[Data items]
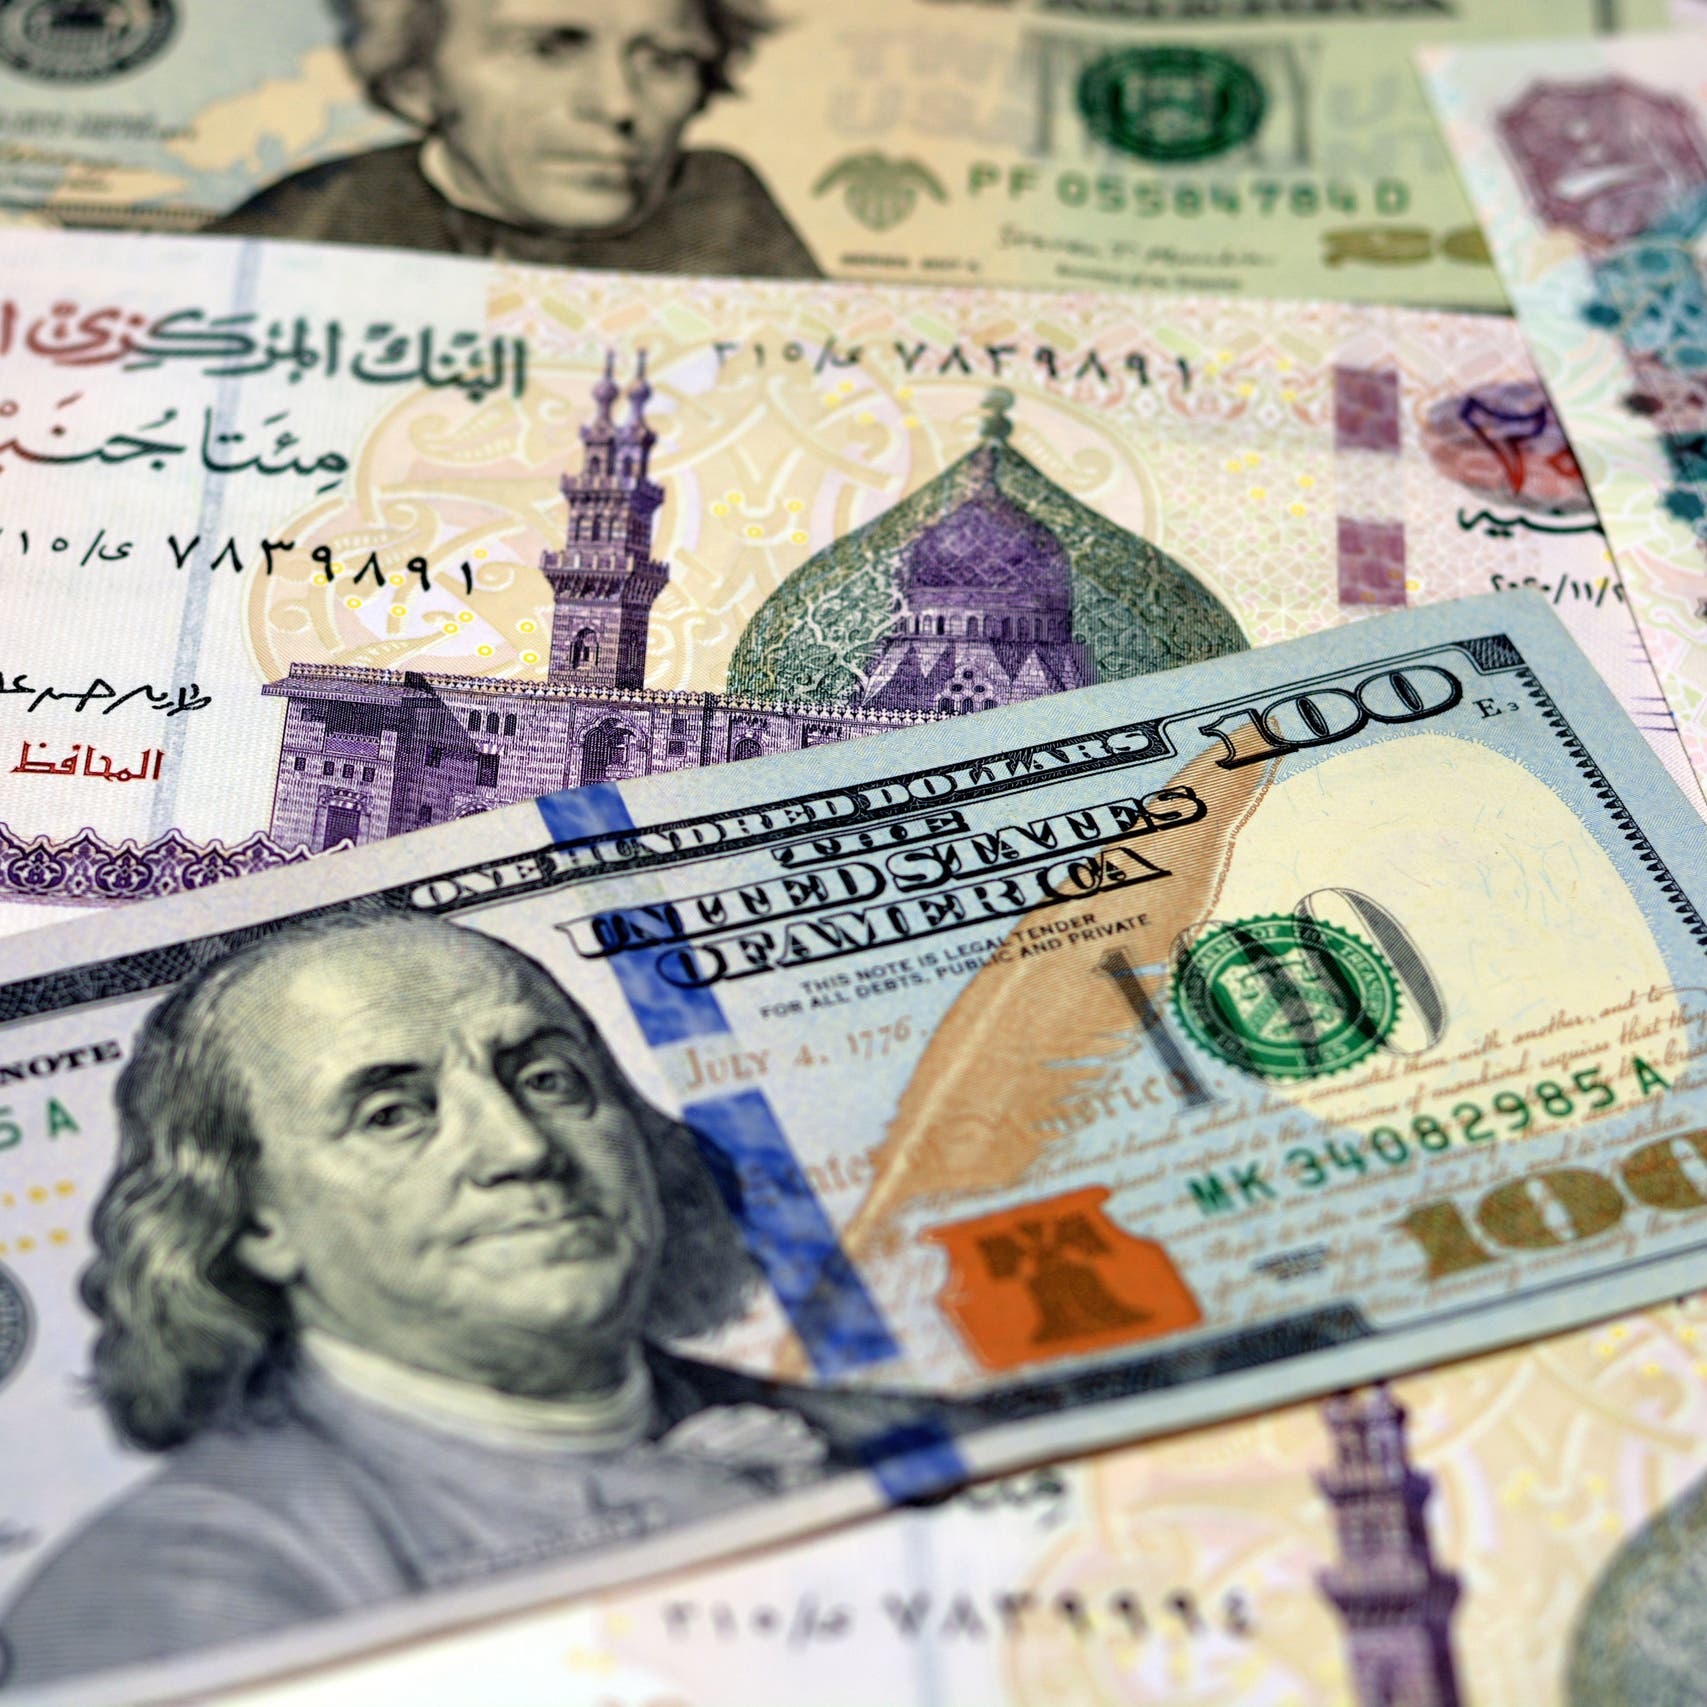 سعر الدولار في مصر يسجل مستوى قياسياً جديداً.. تجاوز 19 جنيهاً لأول مرة
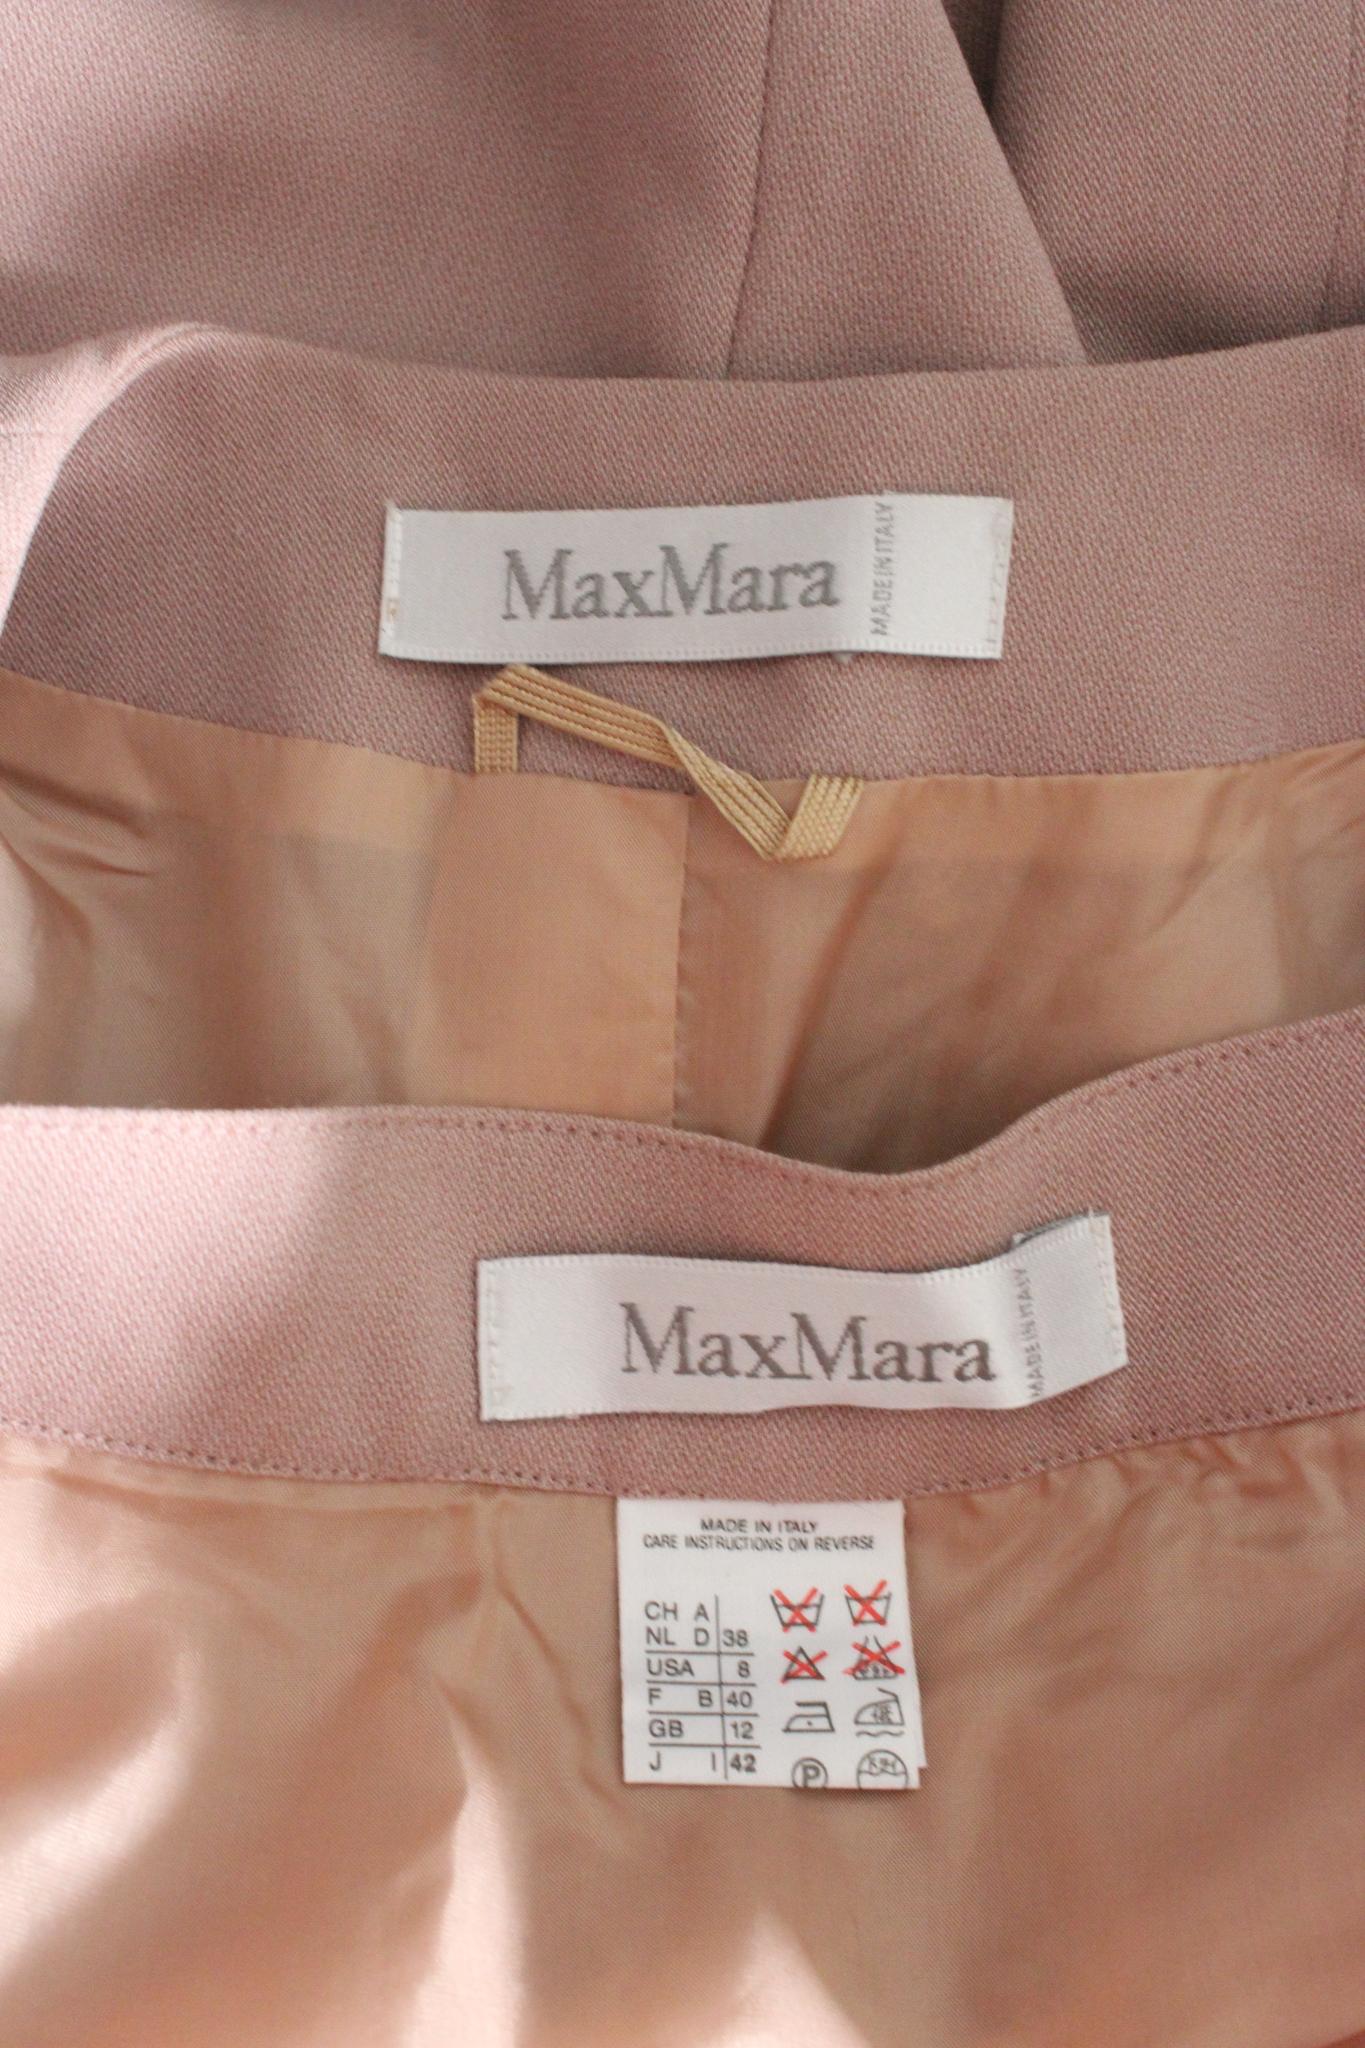 Combinaison jupe classique des années 90 de Max Mara. Tailleur en couleur lilas, 80% laine, 20% viscose. Fabriqué en Italie.

Taille : 42 It 8 Us 10 Uk

Epaule : 44cm
Buste/Poitrine : 49 cm
Manches : 60cm
Longueur : 61 cm
Taille de la jupe :

_Exercise_
The records above are to be restated word for word, with every picture left out.

_Your solution_
 سعر الدولار في مصر يسجل مستوى قياسياً جديداً.. تجاوز 19 جنيهاً لأول مرة
 Combinaison jupe classique des années 90 de Max Mara. Tailleur en couleur lilas, 80% laine, 20% viscose. Fabriqué en Italie.

Taille : 42 It 8 Us 10 Uk

Epaule : 44cm
Buste/Poitrine : 49 cm
Manches : 60cm
Longueur : 61 cm
Taille de la jupe :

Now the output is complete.